Some critics of academic social science, and political science in particular, have recently asserted that it’s difficult to see the benefit of what we do. To be fair, our output is less immediately tangible than the Hubble Space Telescope, treatments for HIV/AIDS, or the decoding of the human genome, to take only three visible and valuable recipients of federal funding for science in my lifetime.
To date, however, the defenders of political science have been a little less full-throated in their case for our discipline than one might have expected. It is all well and good that this recipient of some specific federal grant has advanced our understanding of the world, but that hardly proves (even at the rhetorical level) the notion that academic political science in general is good for America. Such a strategy is little different than our critics’ move of cherry-picking titles and descriptions of projects they find trivial to prove the negative.
Perhaps a comparison is in order.
Today’s Financial Times online Alphaville section contains a discussion of Chinese economics statistics–and particularly how unreliable and subject to political influence they are. I bring this up because the coalition for crippling the federal government’s ability to collect and disseminate accurate information about the nation’s population, society, and economy is quite similar to that which supports overriding the professional, scientific judgment of the NSF and de-funding political science.

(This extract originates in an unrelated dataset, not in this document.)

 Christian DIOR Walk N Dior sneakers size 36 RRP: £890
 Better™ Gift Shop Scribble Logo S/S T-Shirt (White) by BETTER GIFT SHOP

Traditionally, free societies have believed in the freedom of information. That freedom is meaningless unless information is accurate, and quality information demands and deserves government spending. And one important check on the quality of information is the existence of adequately resourced and well trained social scientists who do not work for the government.
Why? Because social science matters. Social science literally defines the terms of the debates we have about the sources of economic growth, about whether elections are fair, about whether the United States is a hegemon or a declining power, about whether the West is a more open society than the Rest, about gender equity and income mobility and school quality and divorce rates and whether prettier candidates win more votes.
Social science is far from perfect. (See Skip Lupia’s 2000 PSÂ article on this and related points.) We can’t cure dysfunctional societies. Our predictions are less exact than physicists’ and our prescriptions are usually less immediately practicable than clinical research. But as a whole society is much better off for having richer and more robust debates about the causes and effects of social phenomena than we would be without such debates. Indeed, the alternative to good social science is not no social science but bad social science.
What is galling about the attack on the NSF is the assertion–the certainty–that none of this is important. Or at least not important enough to justify tax dollars being spent on it.
This is what we need to discuss. This is what we need to impress on the Hill, on journalists, and on the attentive public at large. And it needs to be yoked to a broader movement to bring the open-access revolution to political science. If we receive public funds, our findings should be public.
But all of these quibbles are secondary to the larger point. We don’t care about the NSF’s funding of political science for any one given project, or even all projects considered individually. We have to consider them as a whole, and defend them as a whole. In the end, we should be arguing on behalf of the consumers of knowledge as much as the producers.